New Urban Economic Agenda: How to Localise, Socialise, And Democratise The Economy

The globalist London School of Economics offers a grim choice for cities: if you are not eating lunch at the table of New Urban Agenda, then you ARE lunch. Technocracy and Sustainable Development are transforming the global economy, which is mostly driven by cities.  TN Editor

All things must pass and the dominant urban economic model of the last few years is starting to creak, and a new progressive agenda is threatening to replace it. At its core is a rejection of liberal economics, a questioning of urban economic policy, and a desire to reorganise our city economies: social justice and environmental sustainability are not just hopes but central objectives.

Global investment, agglomeration, property and financialisation, is not socially delivering. In this, the new movement is working to distribute the economy and broaden power over it. This is not theoretical: the agenda is practical, live, and growing. As the political theorist Hannah Arendt said: ‘politics is based on the fact of human plurality’. And we are seeing a new plurality of action exemplified by municipalist movements (i.e Barcelona) and new global networks such as ‘Fearless Cities’. It is about community wealth building in UK and Europe by the Centre for Local Economic Strategies (CLES) and the Democracy Collaborative in the US. It extends to social innovation, as exemplified in good city economies. It is about unleashing activity around foundational economy, municipal energy, local finance, cooperatives, community banking and fab labs.

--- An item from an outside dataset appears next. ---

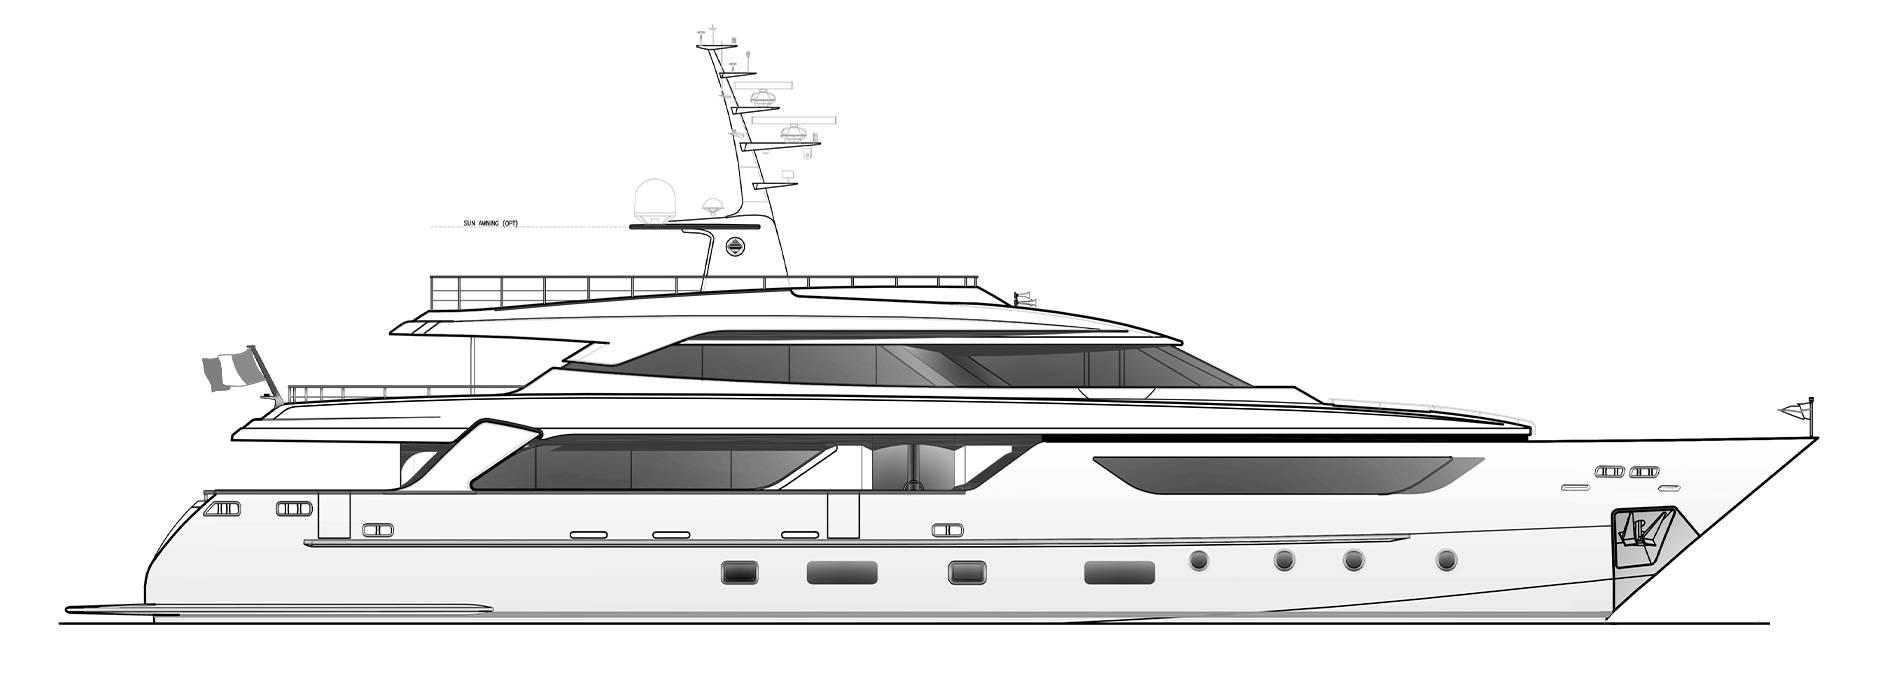 Sanlorenzo Yachts SD122-127 Profile

Sadly in the UK, and especially England, many of our cities are behind the curve. For the last 8 years, under the cosh of austerity, many have put much blind faith and excessive trust in the urban liberal economic policy of city devolution, agglomeration economics, and boomgoggling growth policies. It’s now obvious that the development orthodoxies of pro-developer urban entrepreneurialism are socially failing. Wealth gain is either flowing to the already wealthy or extracted by external investors. An approach which promised and delivered the ‘creative class’, city centre consumption, and new shiny edifices of urban living has, by equal measure, delivered deepening inequality and the hardening of poverty. This flaw is nothing new – it has been evident for decades across the world. Yet in England, it was given a belated fresh lease of life by the liberal economics of the Treasury, framed by unprecedented public austerity.

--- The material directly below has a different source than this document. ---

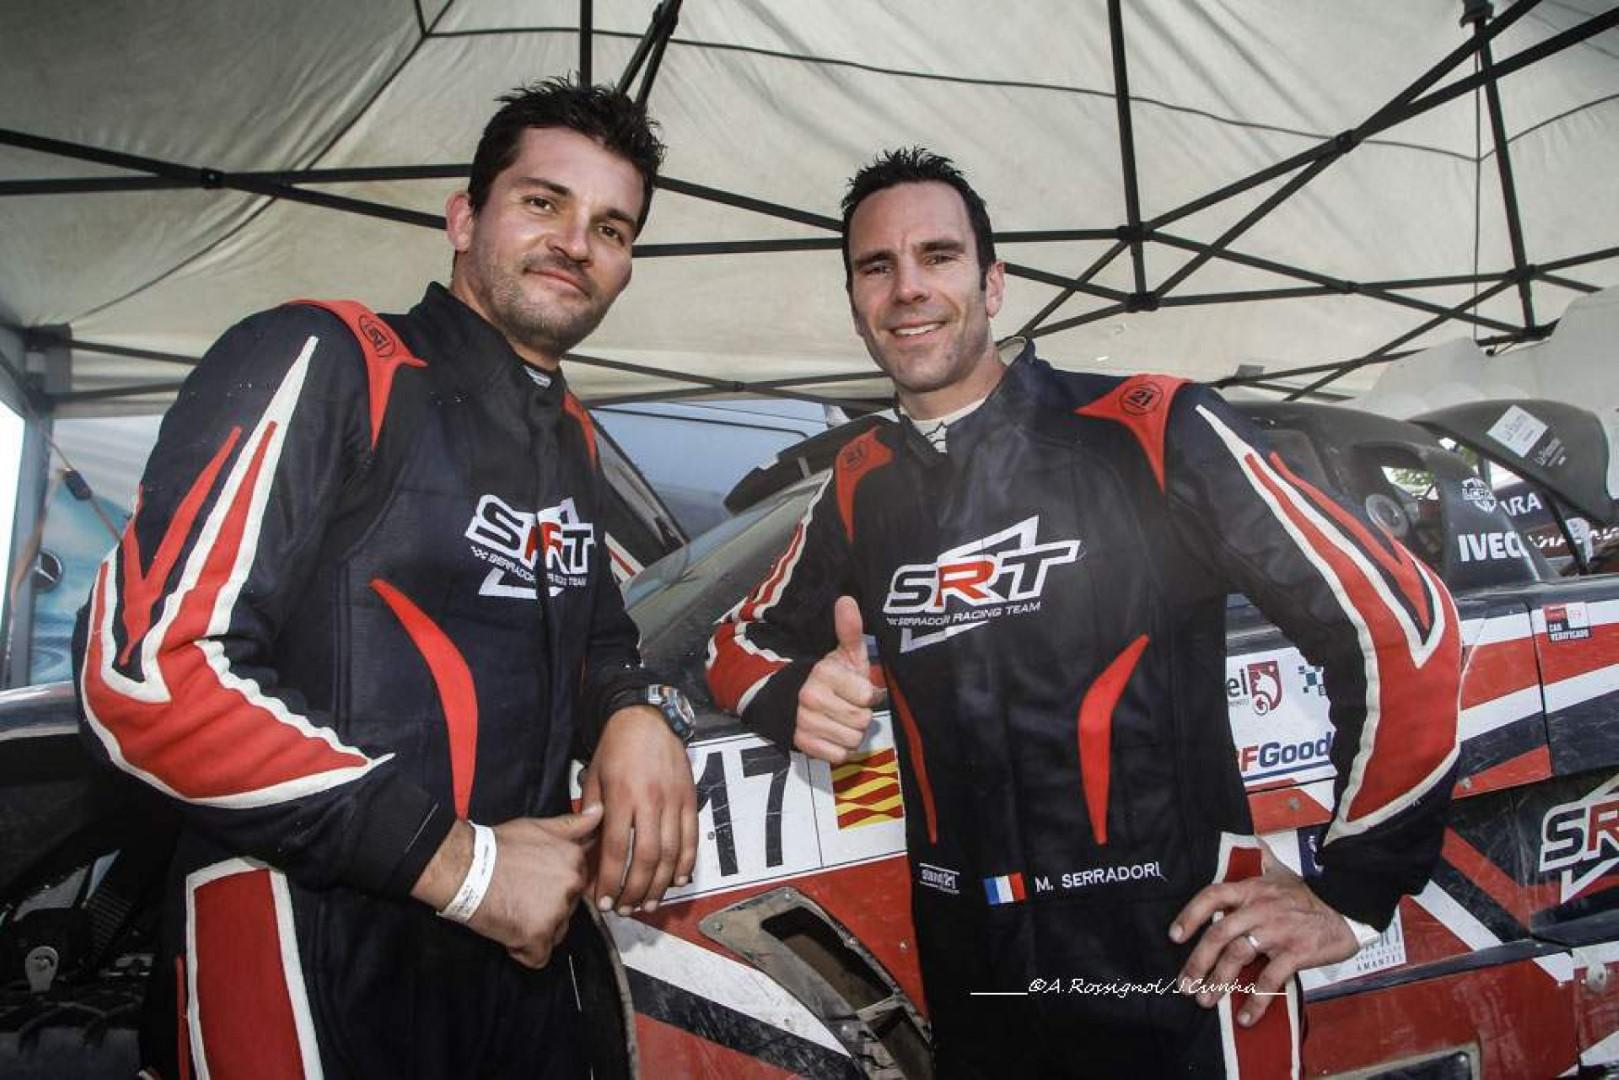 Baja Aragon 2017: Victoire en 2 roues motrices pour Serradori Racing Team

This socially and environmentally neglectful agenda is weak in the face of the challenge, and is increasingly out of touch with the public mood. As a mild antidote, we have seen the rise of the ‘inclusive growth’ agenda and we can expect laudable action such as voluntary employment charters (often with no teeth), increase in business philanthropy, better access to jobs, and improved skills programmes. All these are decent things, but hopelessly weak, given the scale of challenge. Let’s be under no illusions, minor social adjustments won’t check the urban liberal economic juggernaut. Inclusive growth may recognise the problem, but it shies away from challenging wealth concentration or building social justice. Inclusive growth is not a socially just reorganisation of the economy, it’s ‘let’s have our cake and eat it’ – and as such is unrealistic. Of course, global investment and competitiveness within the global economy is important, but we also need to deal with the harsh realities of the now.

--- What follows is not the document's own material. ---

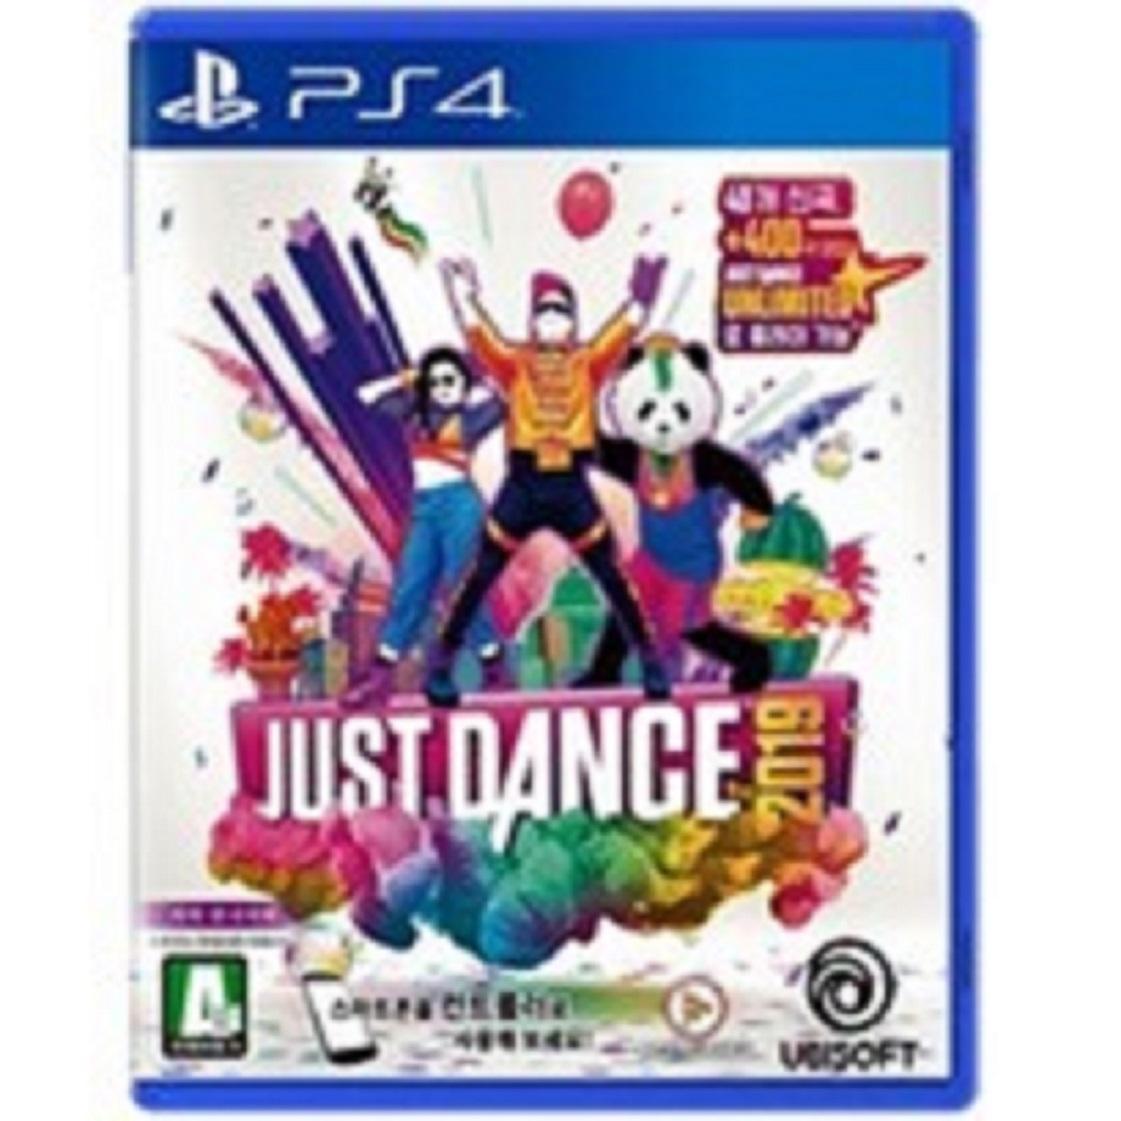 PS4 저스트댄스 2019 (PS4) 한글판 새제품

Firstly, economic decline. With ongoing global economic uncertainty and Brexit, it is highly probable that areas will economically struggle more than is optimistically predicted (i.e the Greater Manchester Spatial Framework is predicated on 2.5% annual growth in VGA until 2035). This is ambitious but wildly optimistic. We need to be sensible and build economic resilience, and have less blind faith in growth and wealth to bring the promised social dividends. The future is to ensure that industrial and economic strategies balance financial and social return and that a new social narrative of cities is allowed time and space to develop.

Secondly, technological shifts prompt a shift in wealth. The technological revolution and the acceleration of automation are speeding up a longstanding shift from wealth through employment to wealth through investment return. Automation increasingly means that lower/medium skilled production jobs will disappear. Therefore, we either condemn more to low-paid, robotic, and insecure work or we reorganize the economy. Workplace protection must be restored and financial return on investment needs to be broadened and deepened, not narrowly held by a few. The task is clear: we now must build more forms of democratically owned municipal investment and return vehicles, and advance ownership forms which seek to capture and broaden out wealth gains (i.e cooperatives).

Thirdly, local strengths. Pick any English local economic strategy, and it will highlight the importance of advanced manufacturing, bio-technology, digital sectors and high skills. There is no doubt that these will be key sectors in the future and must be developed at pace. But the ferocious nature of global economic competition means that these aims are shared by hundreds of cities across the advanced world. We need to be smarter and less generic. In many of English city regions, the more realisable economic options are the existing social and creative industries, and the local enterprise. Cities need to invest in social infrastructure and social enterprise and above all, support indigenous small business activity.